▸ **Activity**
All lines below starting at the one that holds "Adorable teapot coloring" and ending at the one that holds "Earned Value Analysis" should be printed exactly, ends included. Pictures should not be printed, nor anything else.

▸ **Data supplied**
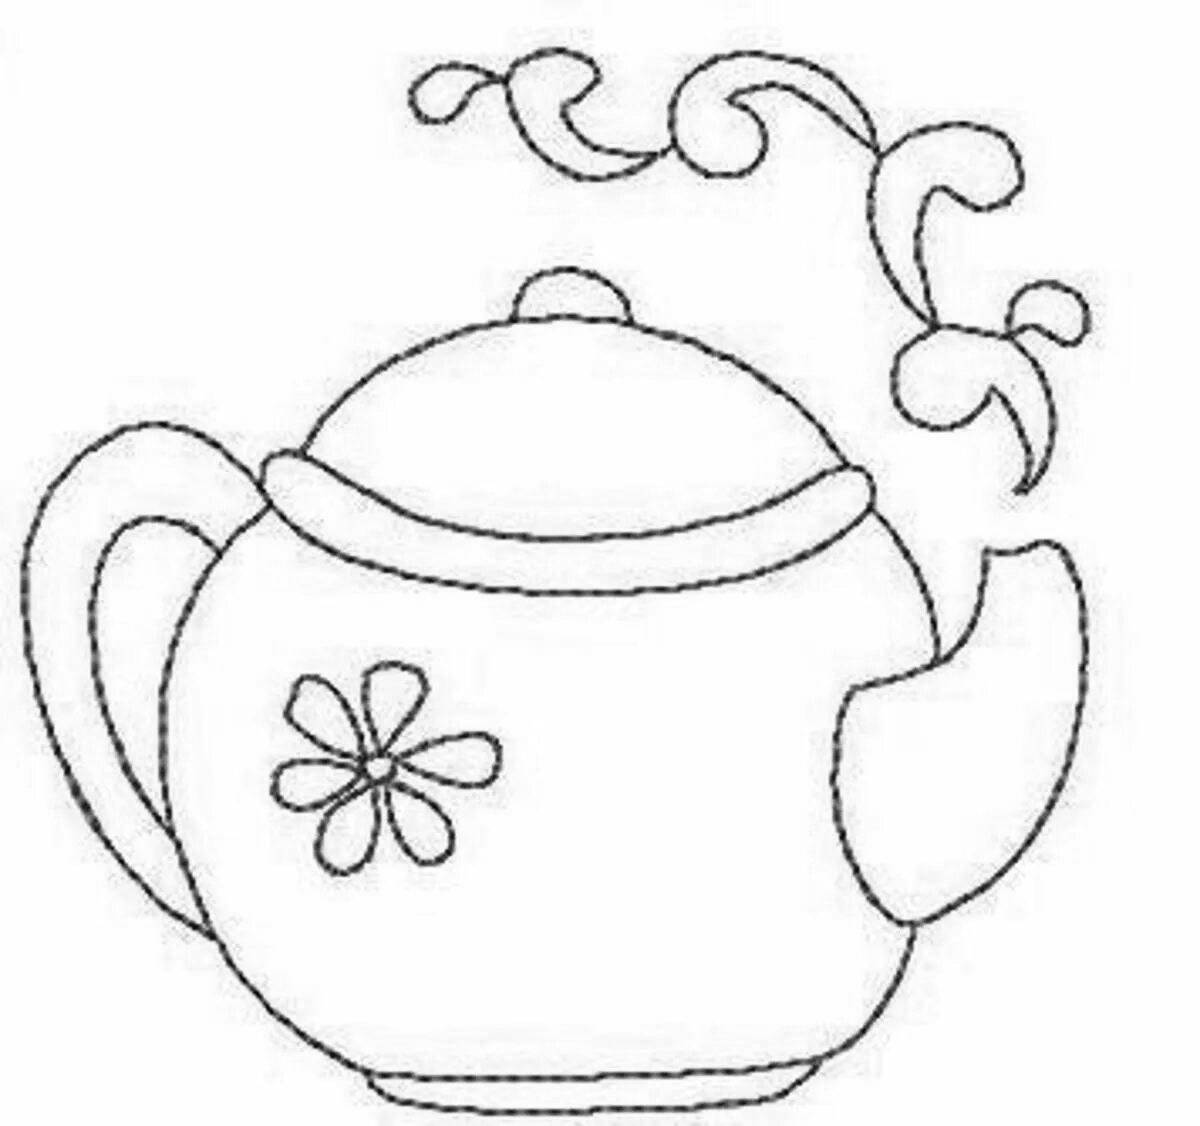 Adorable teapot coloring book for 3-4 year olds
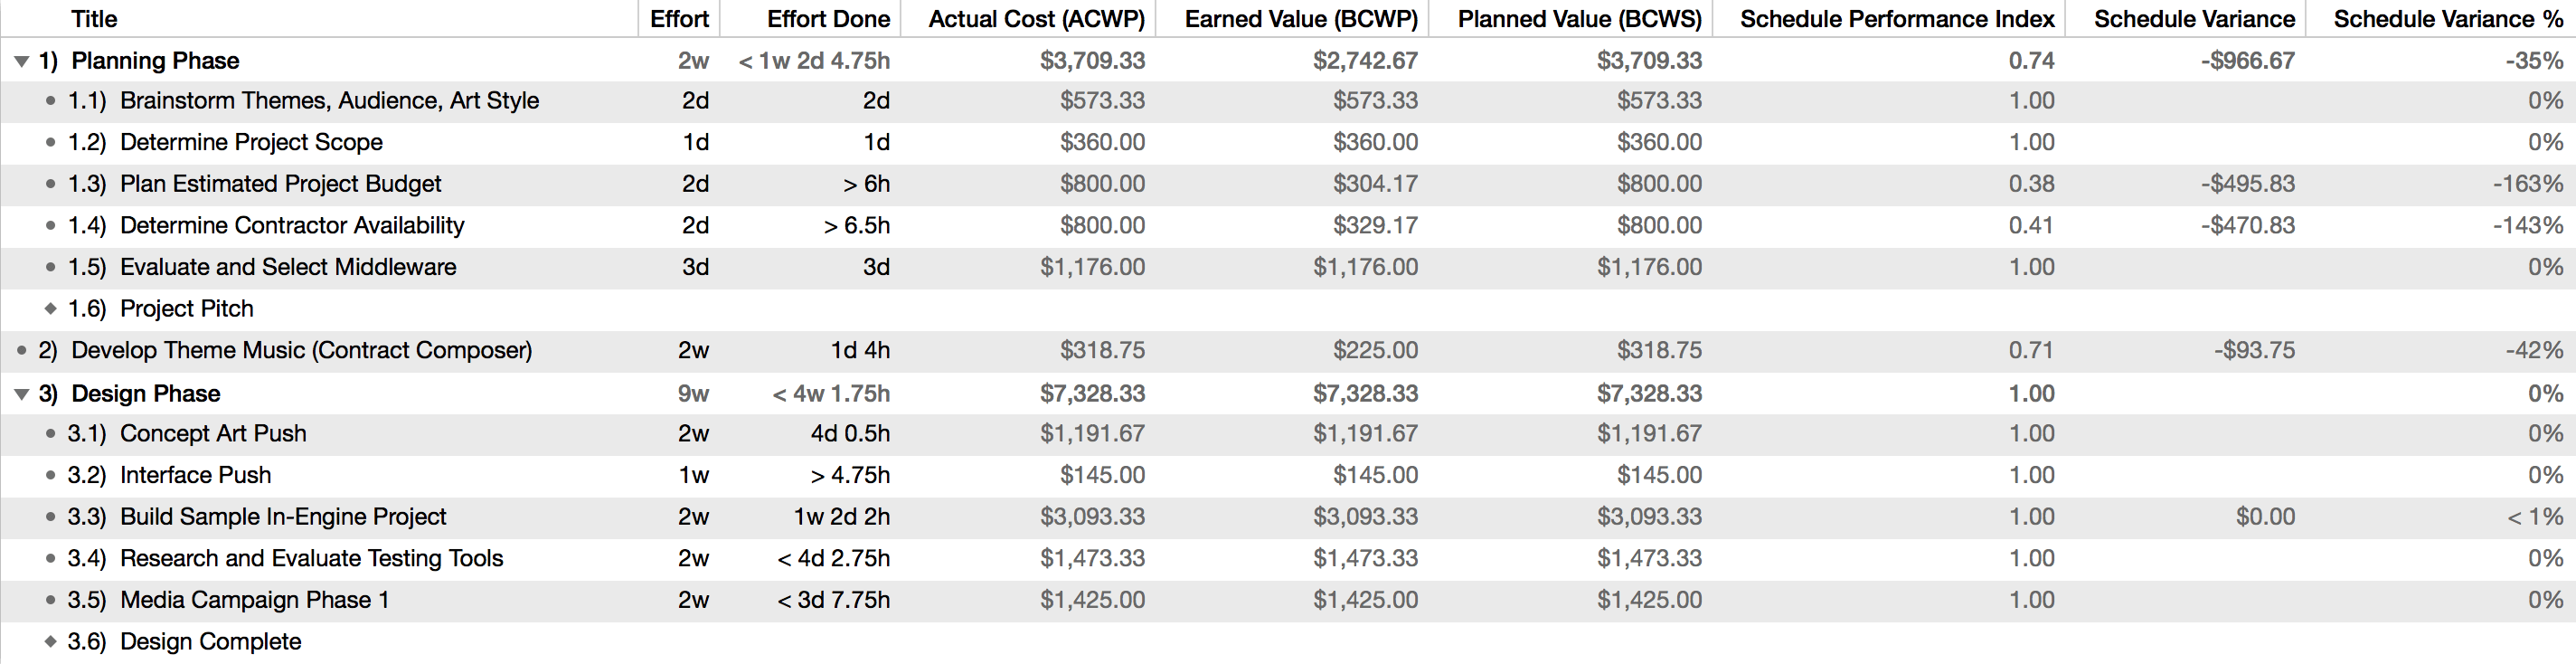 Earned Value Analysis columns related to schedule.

---

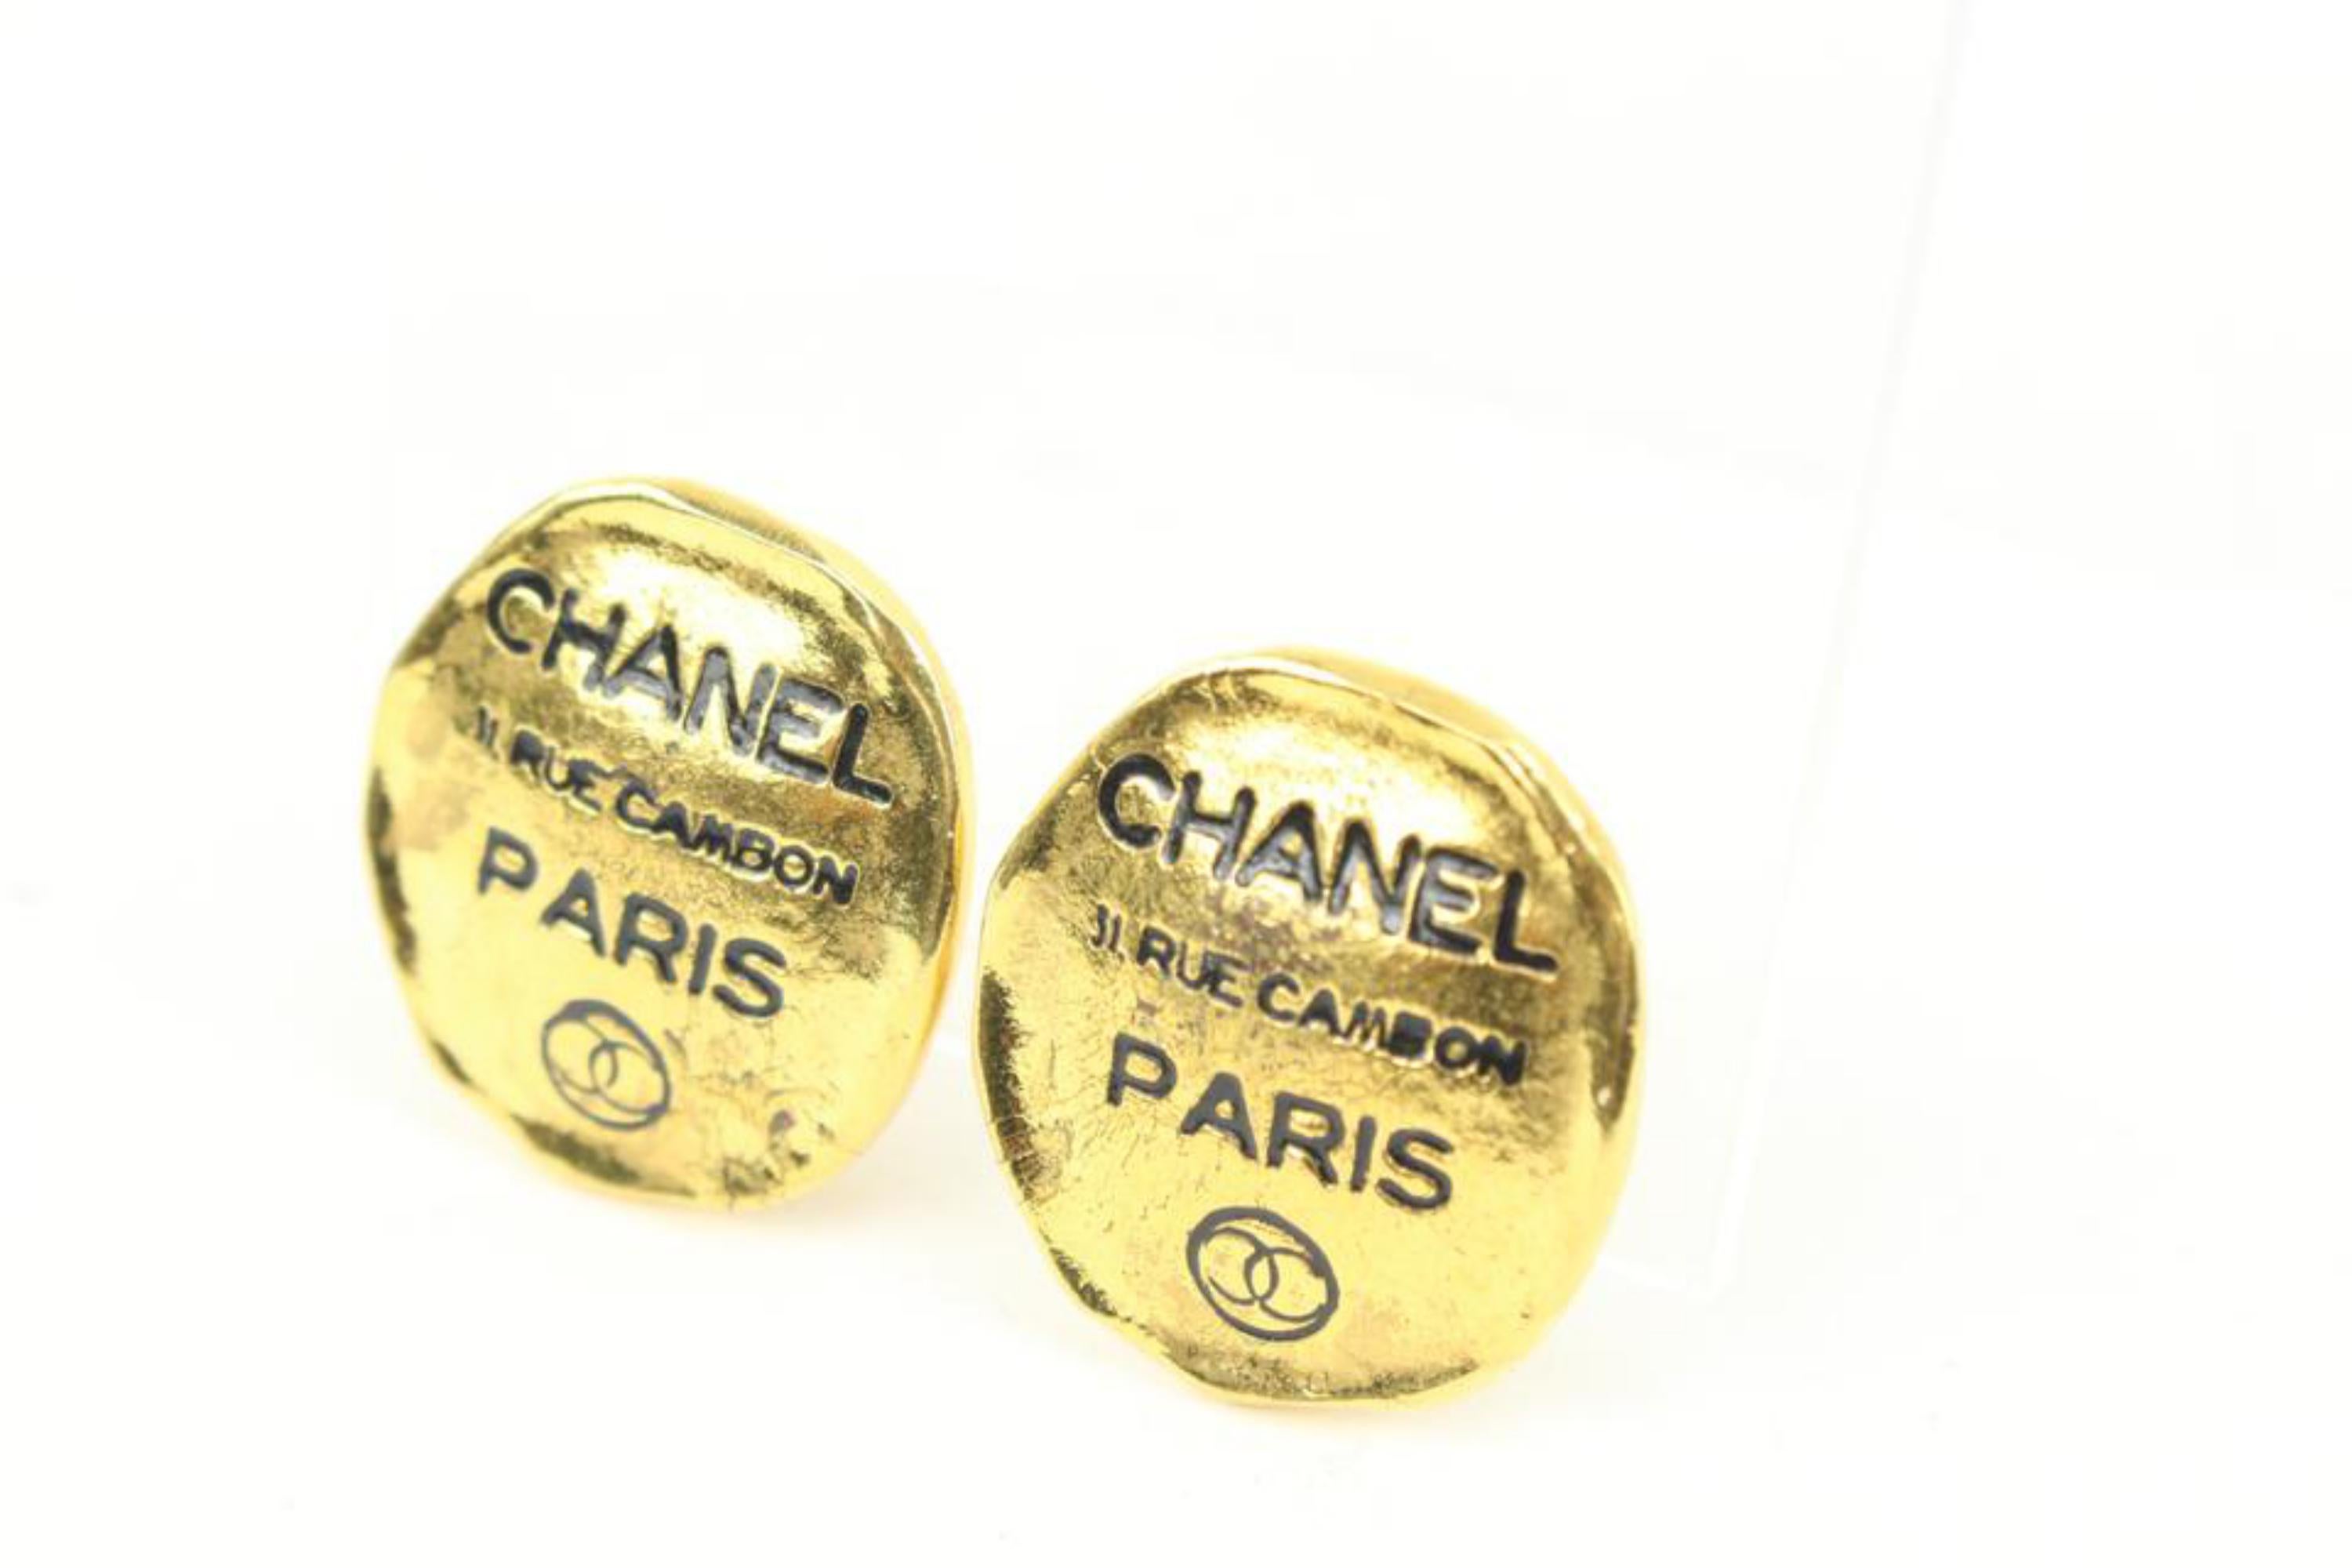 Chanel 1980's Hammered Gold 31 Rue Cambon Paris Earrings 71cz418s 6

▸ **Exercise result**
 Adorable teapot coloring book for 3-4 year olds
 Earned Value Analysis columns related to schedule.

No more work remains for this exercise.